* **Work instructions**: Output all of the data exactly as it appears, but leave out any pictures it contains.

* **Data extract**:
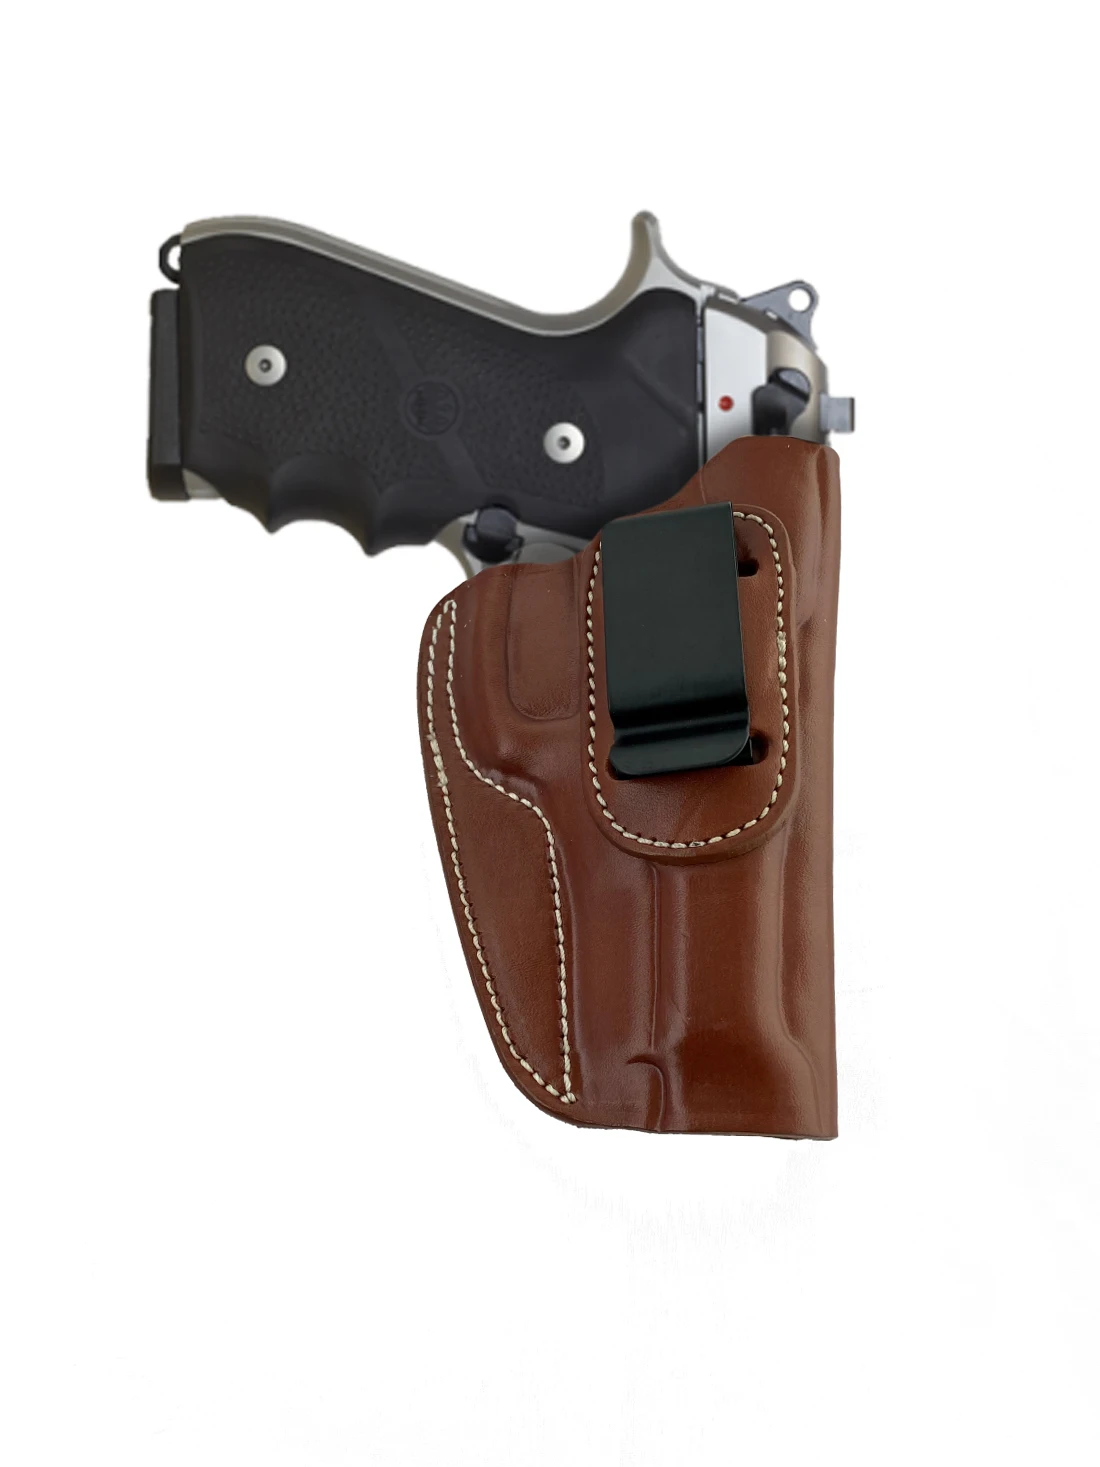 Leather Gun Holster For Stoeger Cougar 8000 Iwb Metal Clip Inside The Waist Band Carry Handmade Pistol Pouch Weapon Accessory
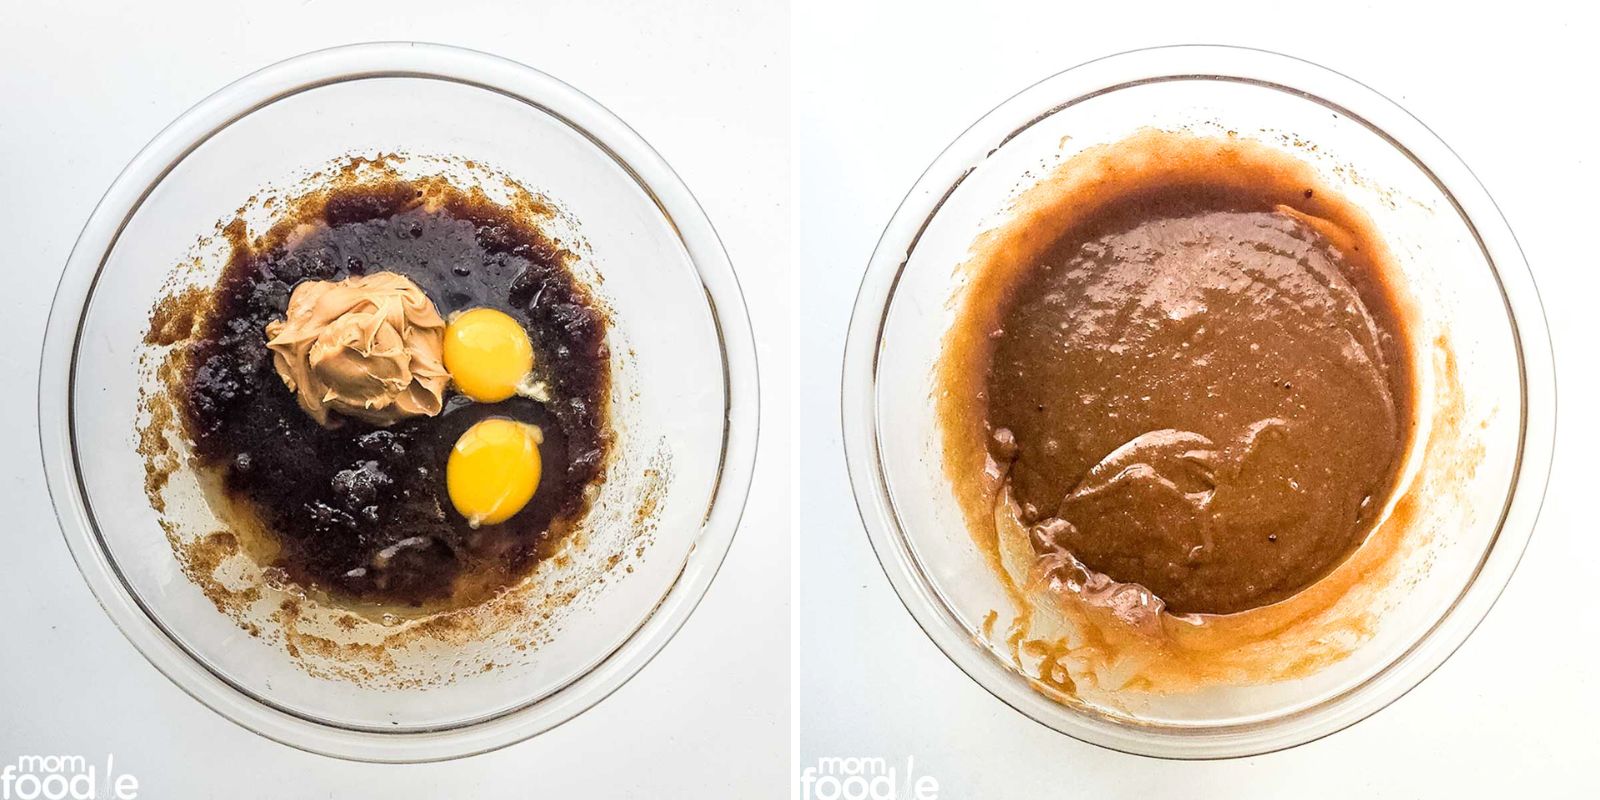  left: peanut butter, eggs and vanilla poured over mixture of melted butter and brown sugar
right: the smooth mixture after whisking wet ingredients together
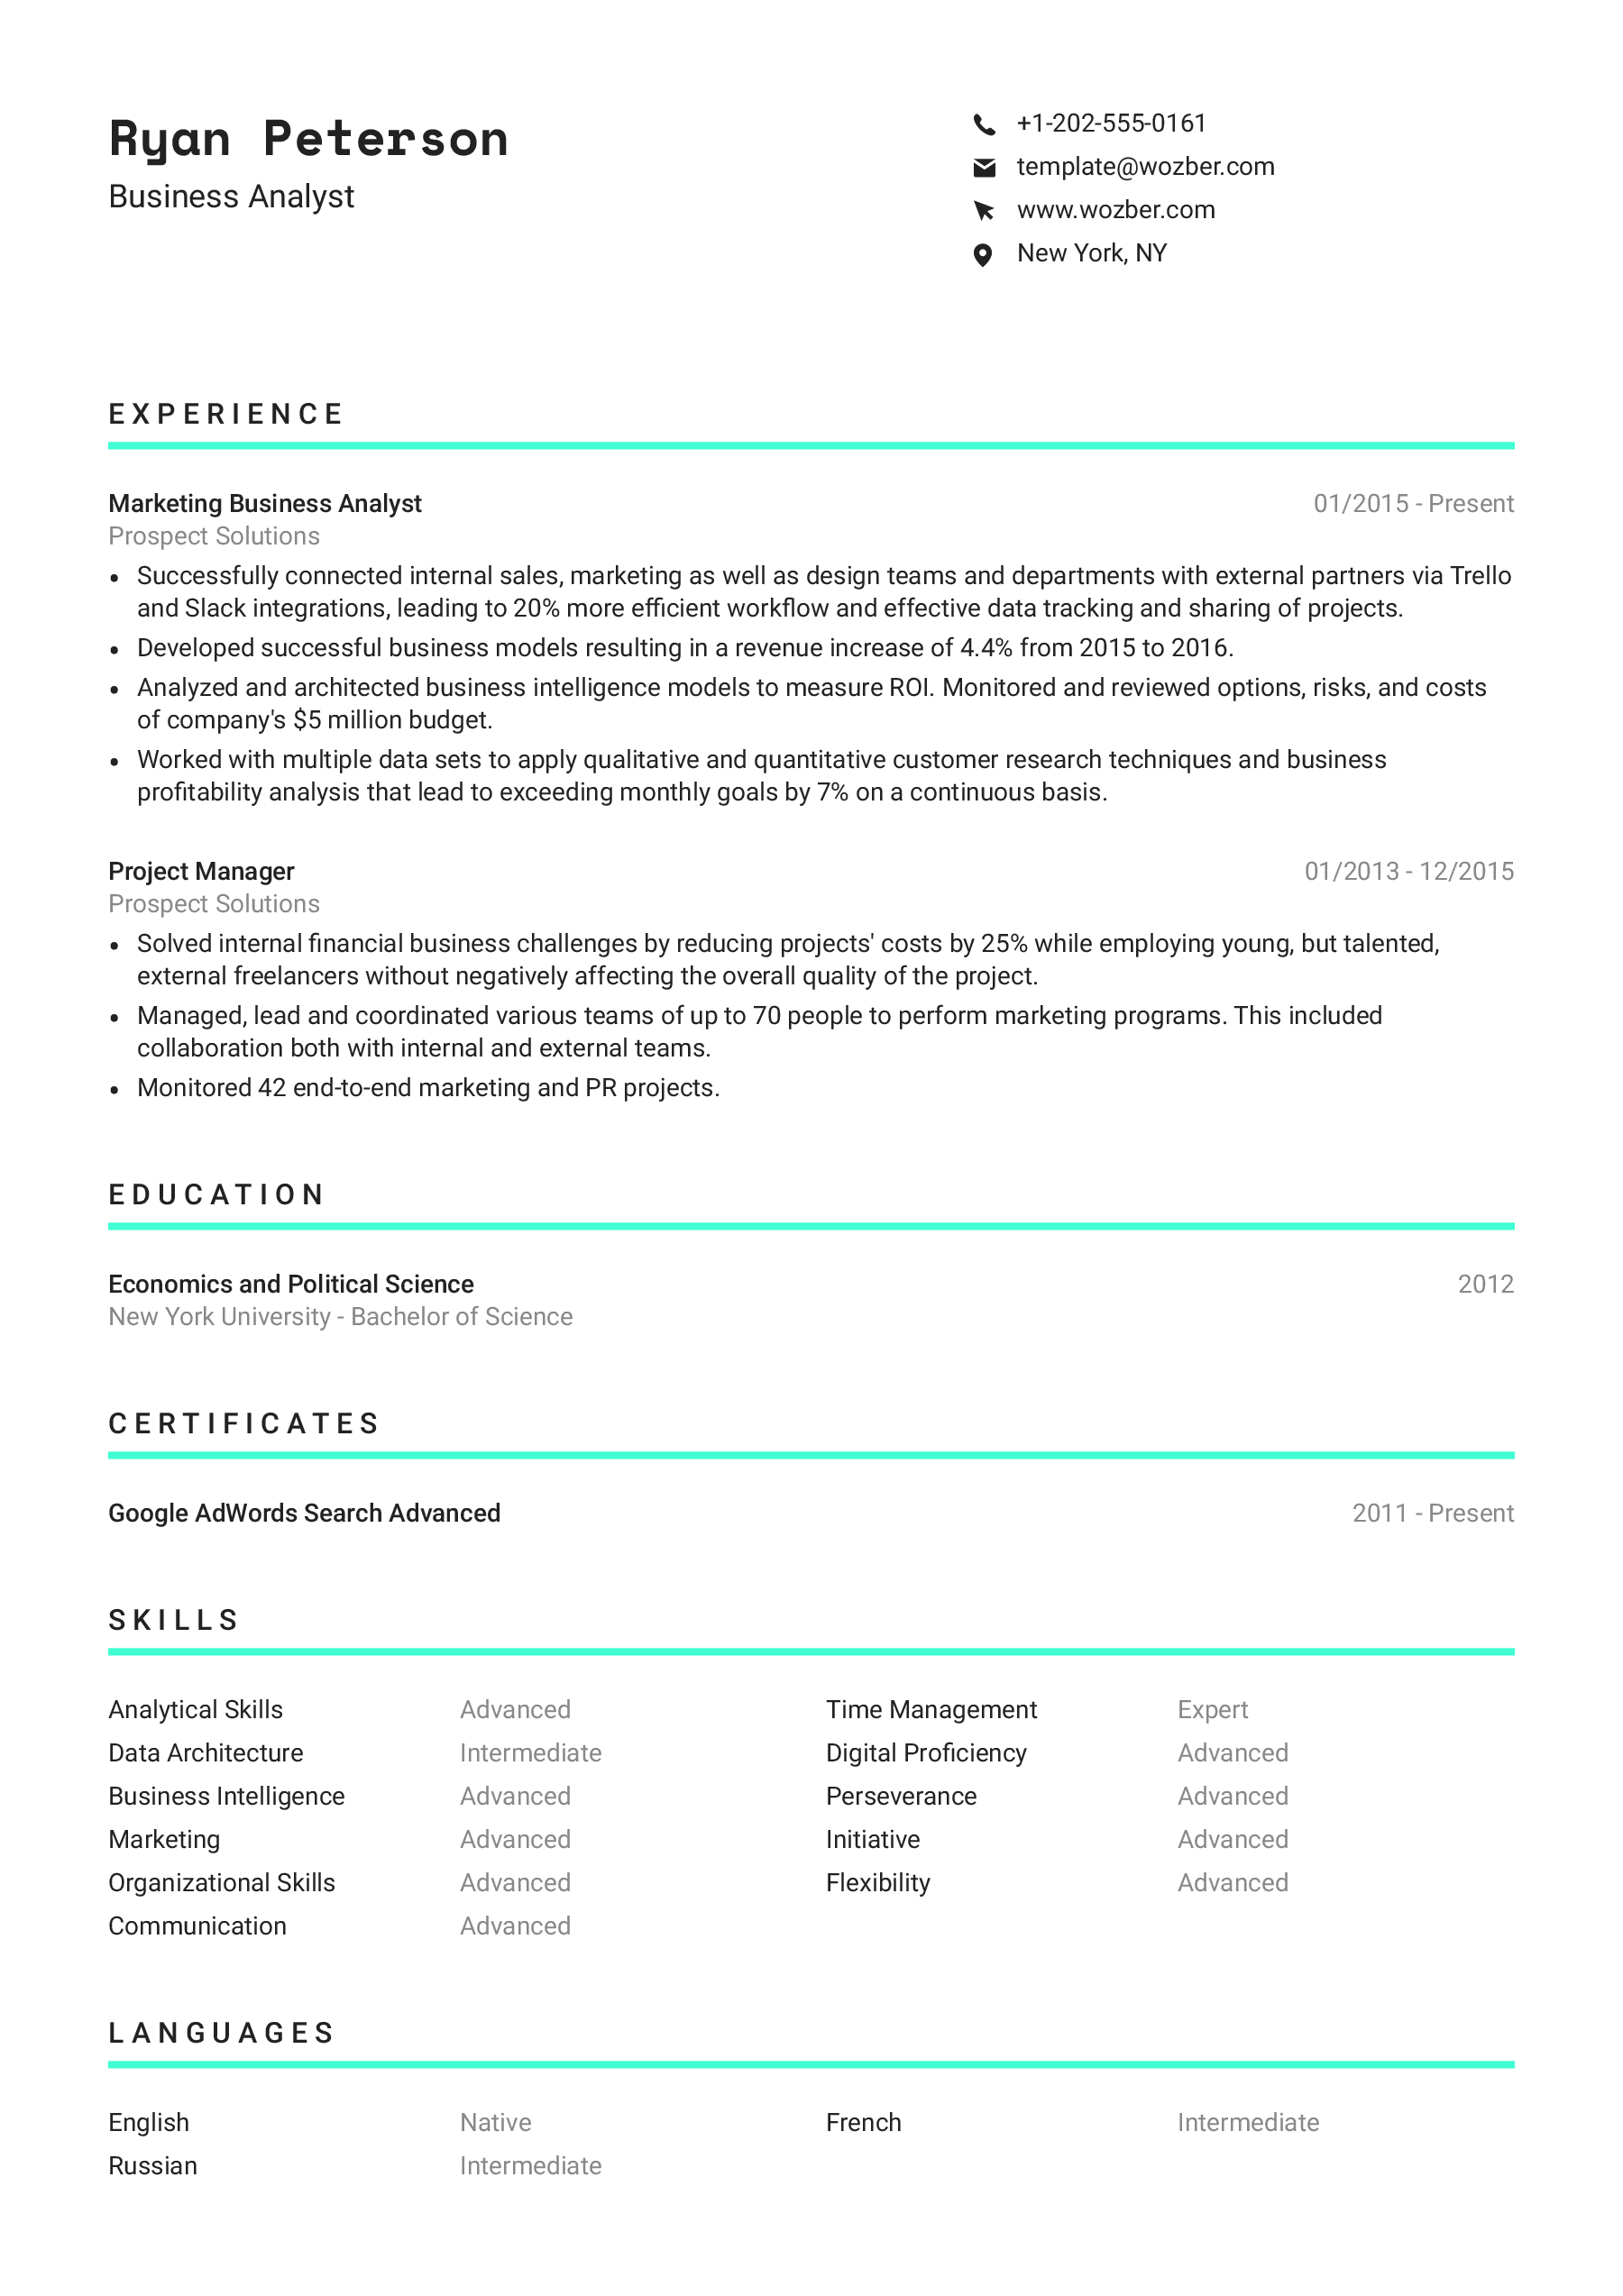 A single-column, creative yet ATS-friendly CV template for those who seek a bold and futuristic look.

* **Worked solution**:
 Leather Gun Holster For Stoeger Cougar 8000 Iwb Metal Clip Inside The Waist Band Carry Handmade Pistol Pouch Weapon Accessory
  left: peanut butter, eggs and vanilla poured over mixture of melted butter and brown sugar
right: the smooth mixture after whisking wet ingredients together
 A single-column, creative yet ATS-friendly CV template for those who seek a bold and futuristic look.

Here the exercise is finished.